10.3 All recommendations and advice given by or on behalf of the Company to the Customer as to methods of storing, using or applying the Goods, the purposes for which the Goods may be applied and the suitability of using the Goods in any manufacturing process or in connection with any other materials are given without liability on the part of the Company.
10.4 The Company makes no representation or warranty that use of the Goods does not infringe the rights of any third party and the Company accepts no liability in this respect.
Should the Customer make default in any payment or otherwise be in breach of its obligations to the Company under the Contract or under any other contract with the Company or clause 8.5 becomes applicable, the Company may, by notice in writing to the Customer, without prejudice to any other rights, forthwith suspend or cancel any uncompleted part of the Contract or stop any Goods in transit or require payment in advance or satisfactory security for further deliveries under the Contract.
12 Force Majeure
The Company shall not be liable to the Customer for any loss or damage caused to or suffered by the Customer as a direct or indirect result of the supply of the Goods by the Company being prevented, restricted, hindered or delayed by reason of any circumstances outside the control of the Company including, without limitation, fire, flood, labour dispute, breakdown of machinery, shortage of labour or raw materials and/or damage to or destruction of the Goods and the Company shall be at liberty to suspend or cancel any affected orders for Goods without liability.
The failure of the Company to insist upon the strict performance of any of the terms and conditions of the Contract shall not be construed as a waiver of any such term or condition and shall in no way affect the Company's right to enforce such provision later.

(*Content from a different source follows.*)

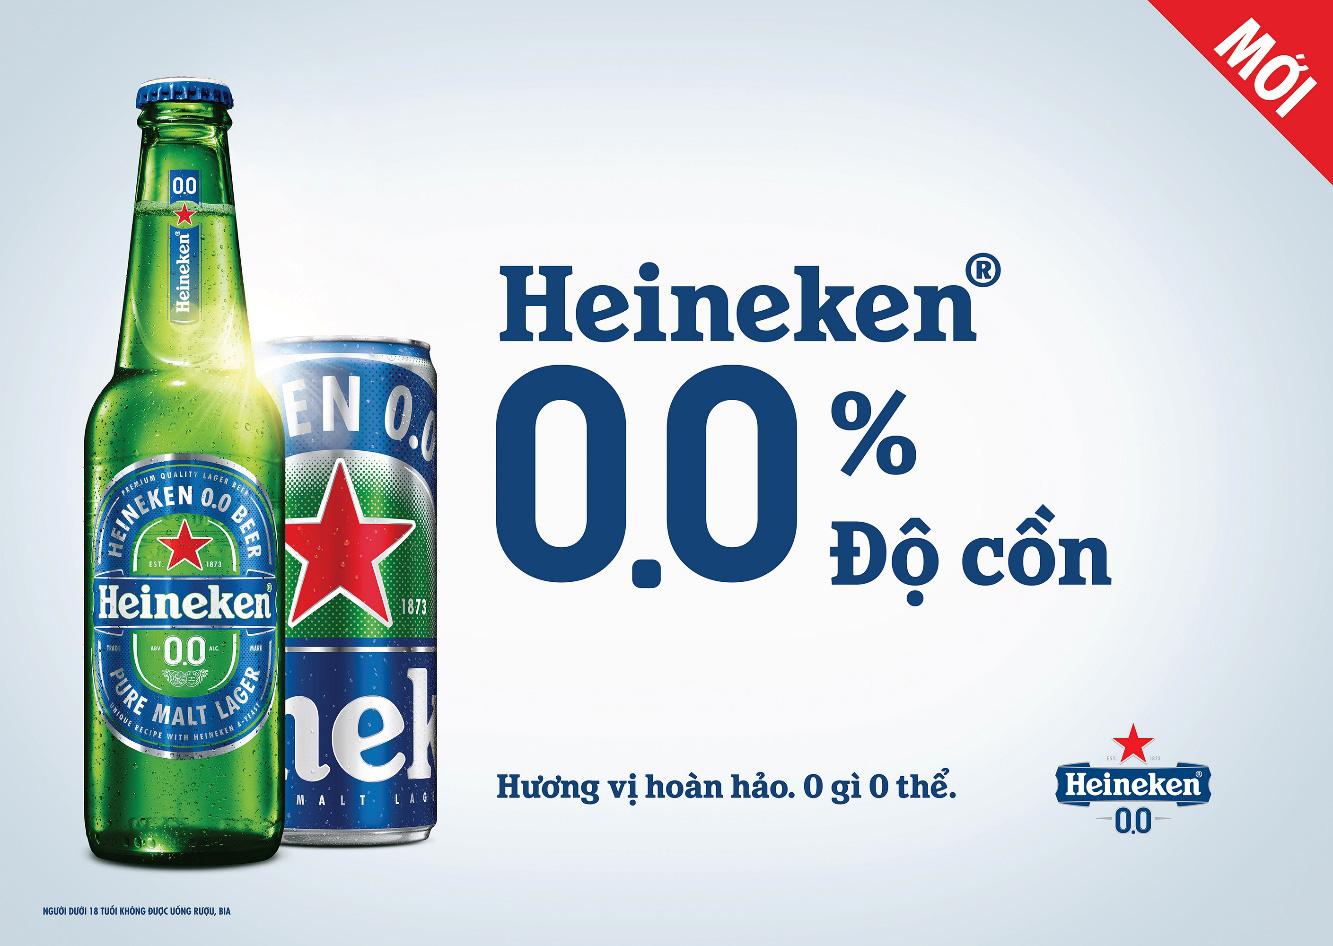 Heineken ra mắt bia 0 độ, truyền cảm hứng đến giới trẻ Việt qua chiến dịch #NowYouCan - Không Gì Không Thể - Ảnh 1.

If any of the terms and conditions of the Contract (or part thereof) shall be found to be invalid, ineffective or unenforceable, the invalidity, ineffectiveness or unenforceability of such term or condition (or part thereof) shall not affect any other term or condition (or the other part of the term or condition of which such invalid, ineffective or unenforceable part forms part) and all terms and conditions (or parts thereof) not affected by such invalidity, ineffectiveness or unenforceability shall remain in full force and effect.
15 Governing Law
The construction, validity and performance of the Contract shall be governed by English law and by entering into the Contract the parties submit to the exclusive jurisdiction of the English courts save that the Company may at its option take proceedings against the Customer in any other court of competent jurisdiction.